# What to work on
Everything from the line holding "SEX WORK, COVID-19, AND" through the last line of the data, and nothing else, should be retyped exactly, with no pictures.

# Data excerpt
-=-=-=-=-

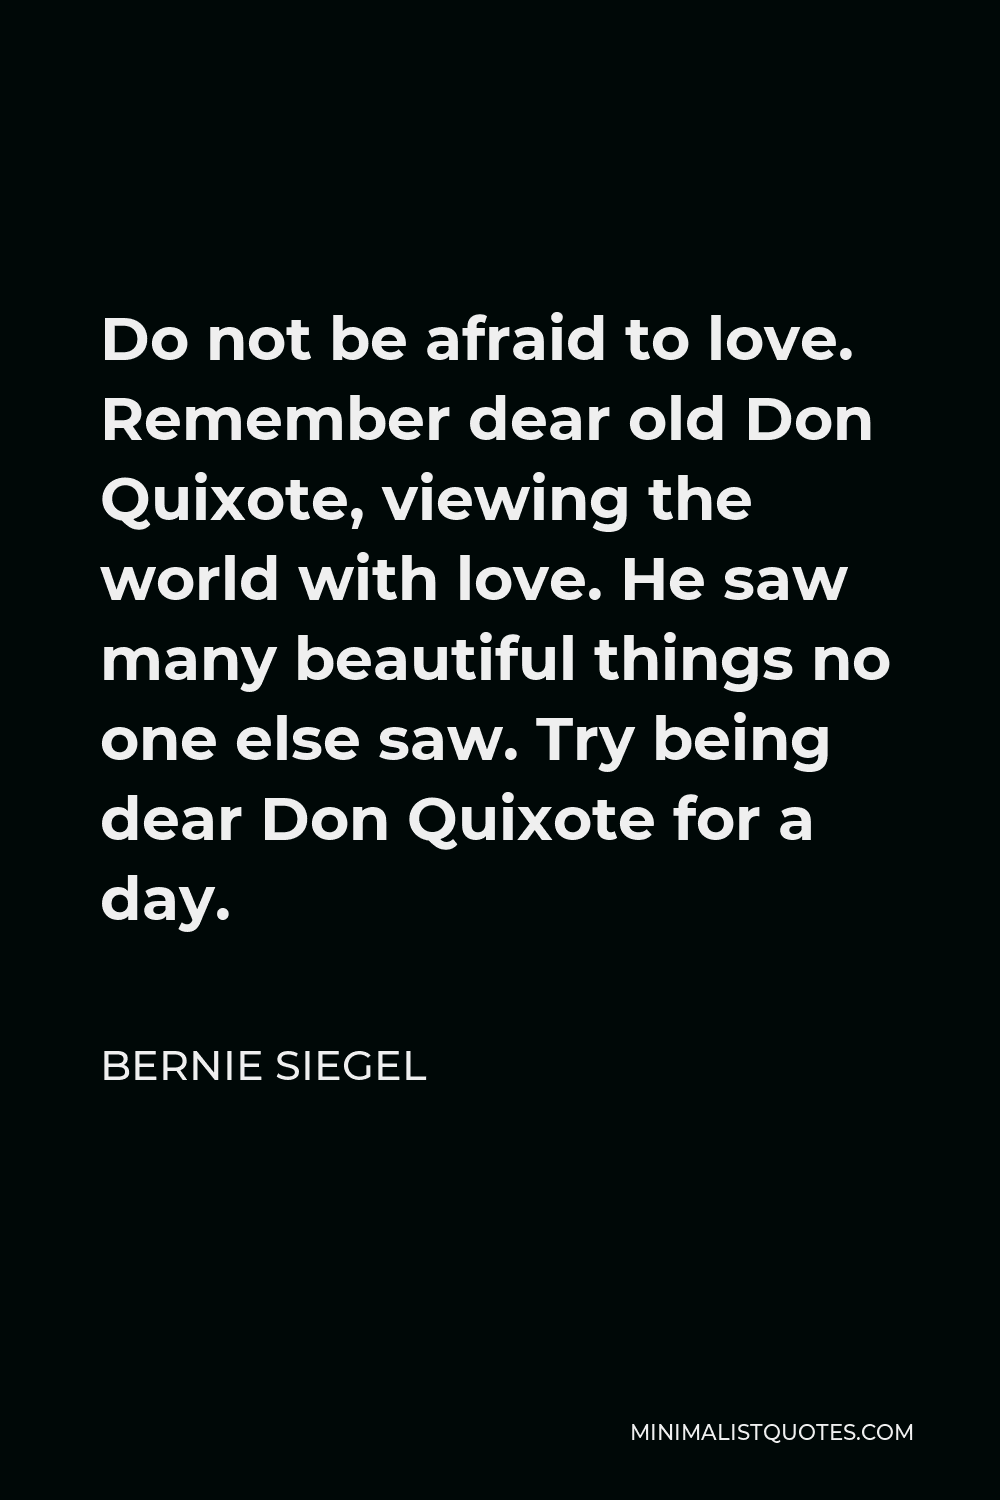 Bernie Siegel Quote - Do not be afraid to love. Remember dear old Don Quixote, viewing the world with love. He saw many beautiful things no one else saw. Try being dear Don Quixote for a day.
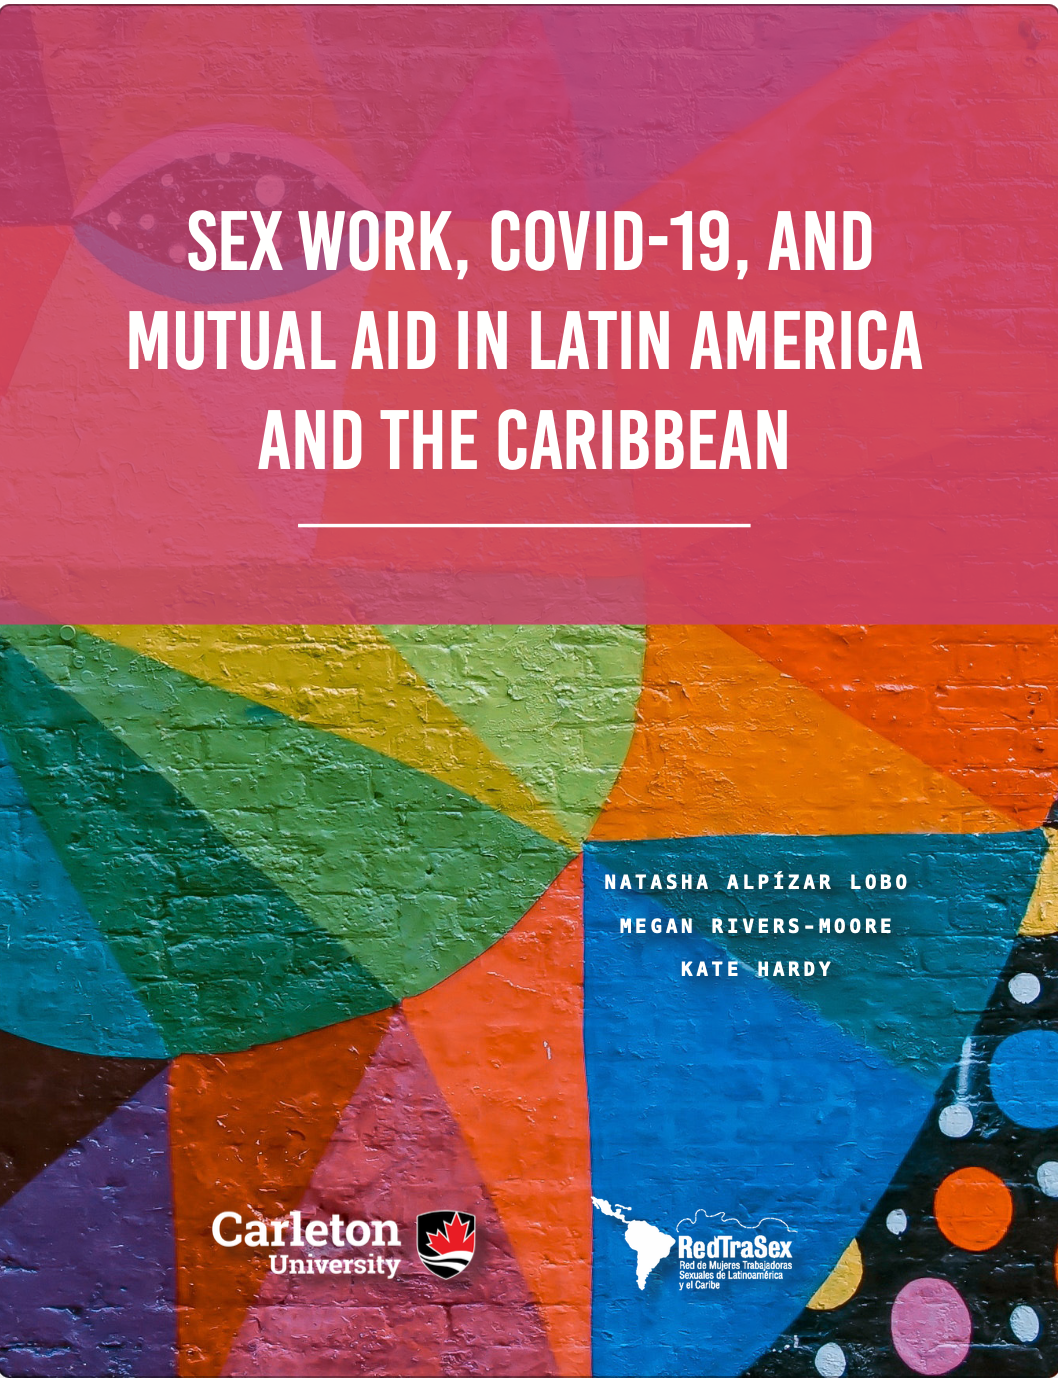 SEX WORK, COVID-19, AND MUTUAL AID IN LATIN AMERICA AND THE CARIBBEAN
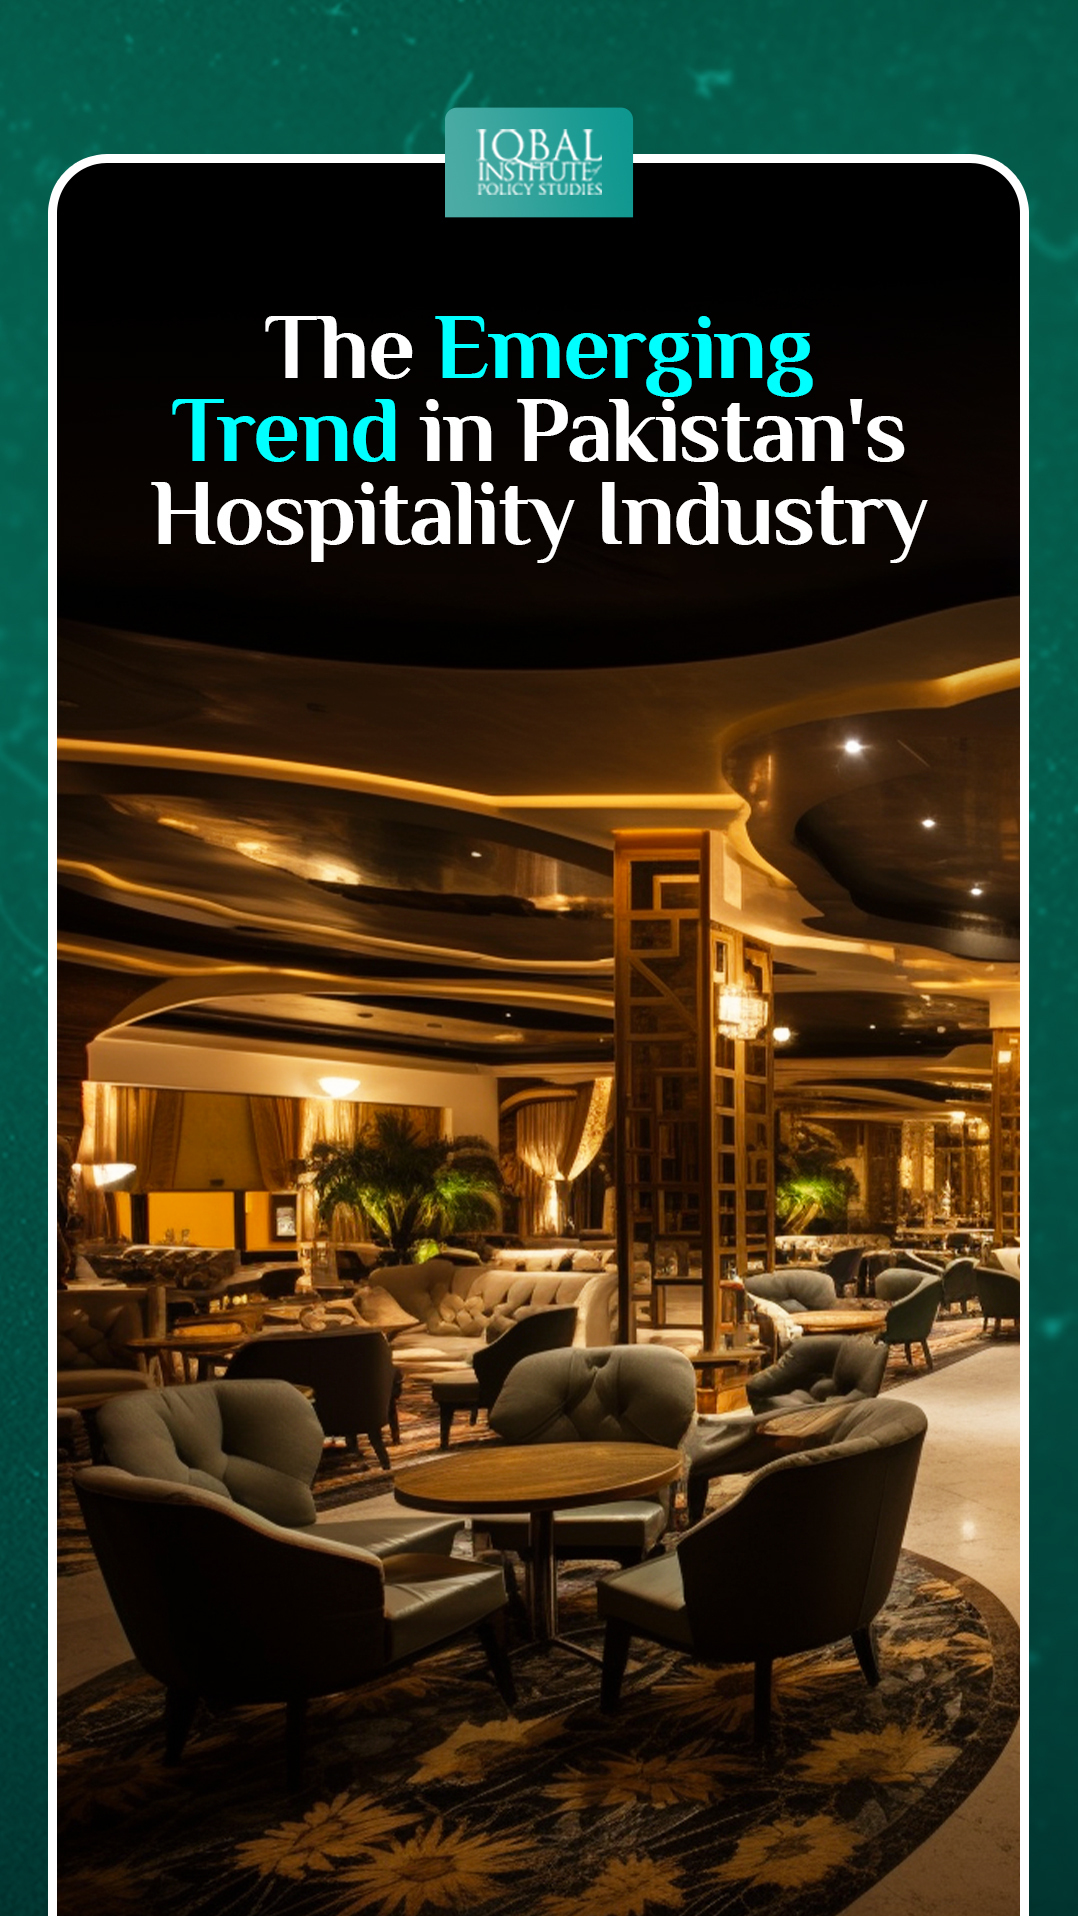 The Emerging Trend in Pakistan's Hospitality Industry

-=-=-=-=-

# Exercise response
 SEX WORK, COVID-19, AND MUTUAL AID IN LATIN AMERICA AND THE CARIBBEAN
 The Emerging Trend in Pakistan's Hospitality Industry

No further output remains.